DIARY OF THE

COVID-19 PANDEMIC

Who did and said what and when…

September 2020

1st September

Boris Johnson told the Cabinet: “In the last few months we’ve been sailing into the teeth of a gale, no question ... it is necessary to tack here and there in response to the facts as they change, in response to the wind’s change, but we have been going steadily in the direction, in the course we set out, and we have not been blown off that course.”

• Dominic Cummings told a group of political aides and civil servants that the response to the crisis had too often been “a shitshow” – something he had been at the heart of, though he didn’t mention that – and that a new unit with Downing Street staff in the Cabinet Office would try to put an end to “any miscommunication between the political and administrative arms of government”.

• The Institute for Government [Appendix 2] said in a report into the first responses to the pandemic that the government’s failure to act in the absence of scientific certainty cost a significant number of lives.
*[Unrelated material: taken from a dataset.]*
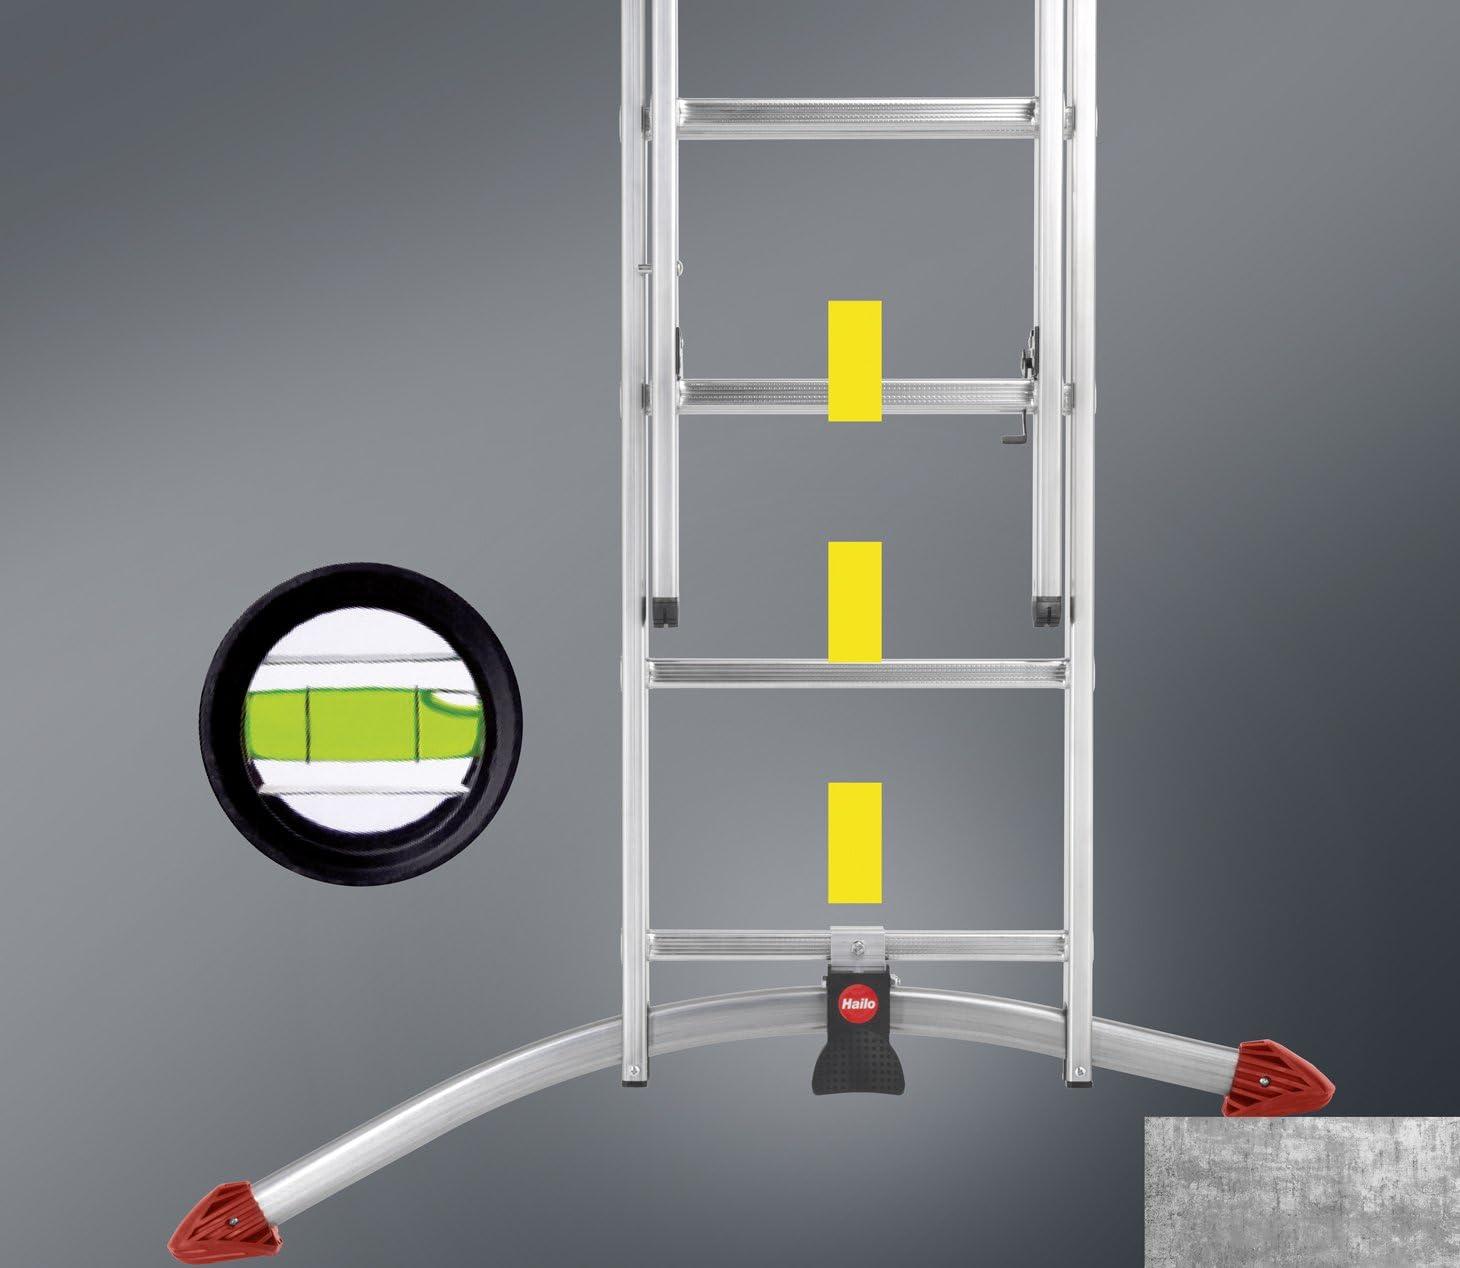 Hailo 9312-101 - Escalera multifunción (aluminio), color: plateado: Amazon.es: Bricolaje y herramientas
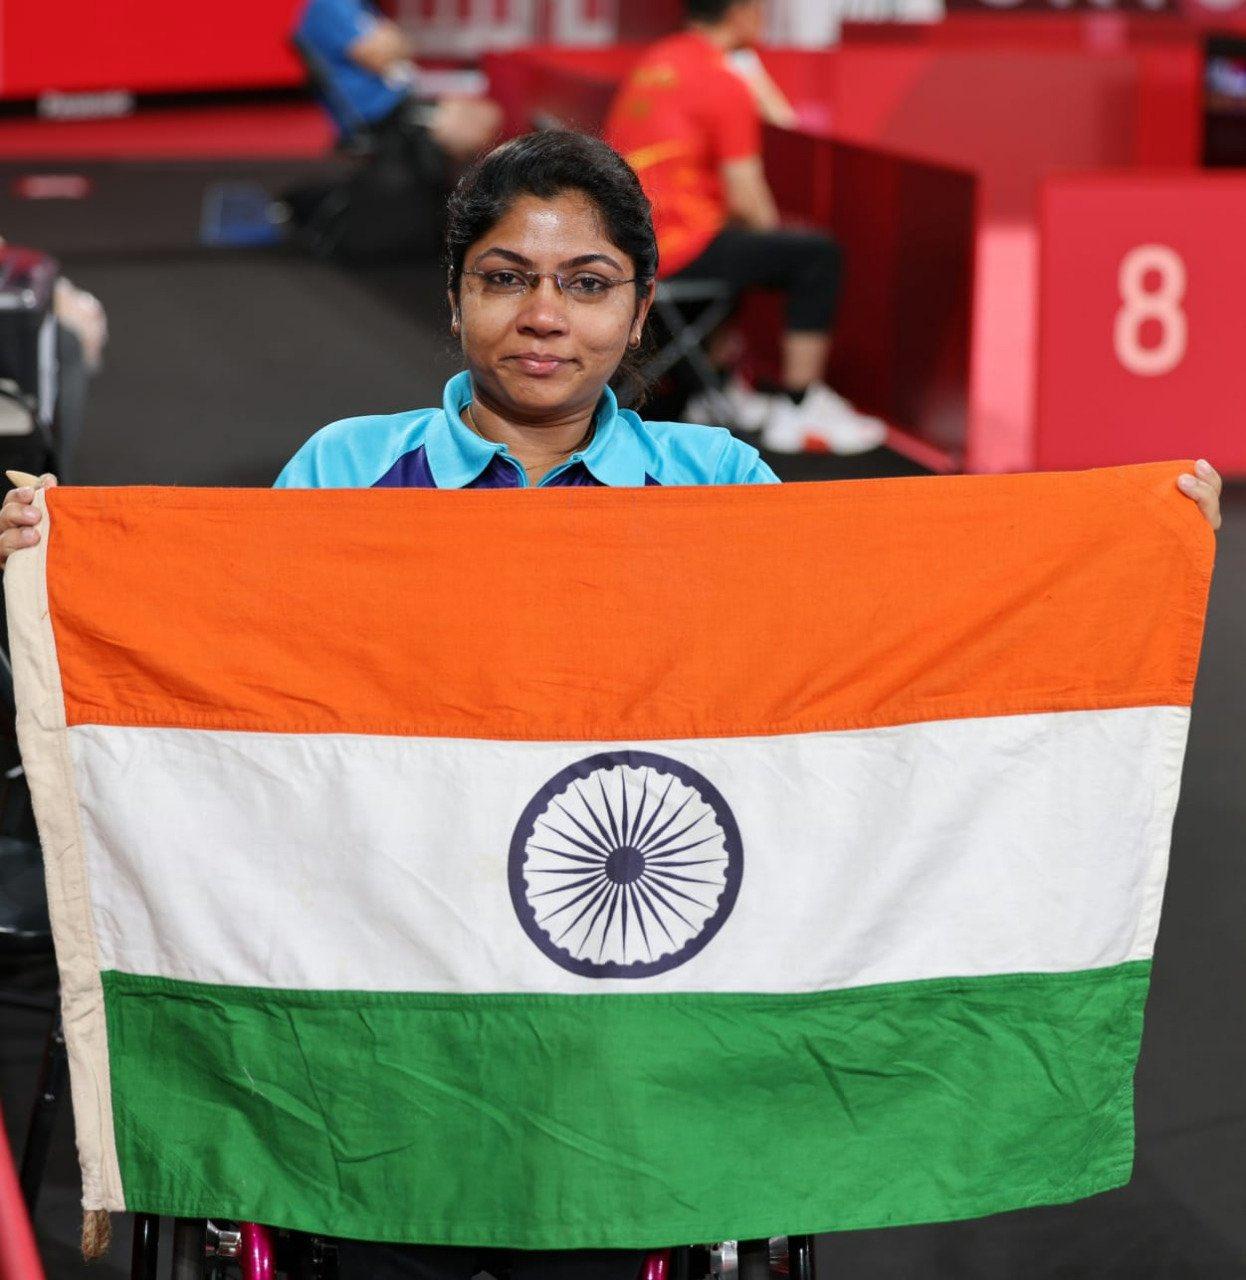 Tokyo Paralympics में टेबल टेनिस में भाविनाबेन हसमुखभाई पटेल ने रजत पदक हासिल किया

It concluded that ministers should have been prepared to act in the absence of such certainty and should have better understood the limits of scientific advice. The government lacked a wider sense of strategy at times, the report continued, stating that ministers’ repeated commitment to following the science was not enough to ensure that the right decisions were made at the right time.

 

4th September

The shadow home secretary, Nick Thomas-Symonds, wrote to the actual home secretary, Priti Patel, to request, among other things, the introduction of a robust testing regime in airports. He wrote: “The government’s handling of arrivals into the UK has lacked urgency, coherence and clarity from the outset, including being too slow to implement controls at the onset of the crisis.” It would be difficult to express it more clearly.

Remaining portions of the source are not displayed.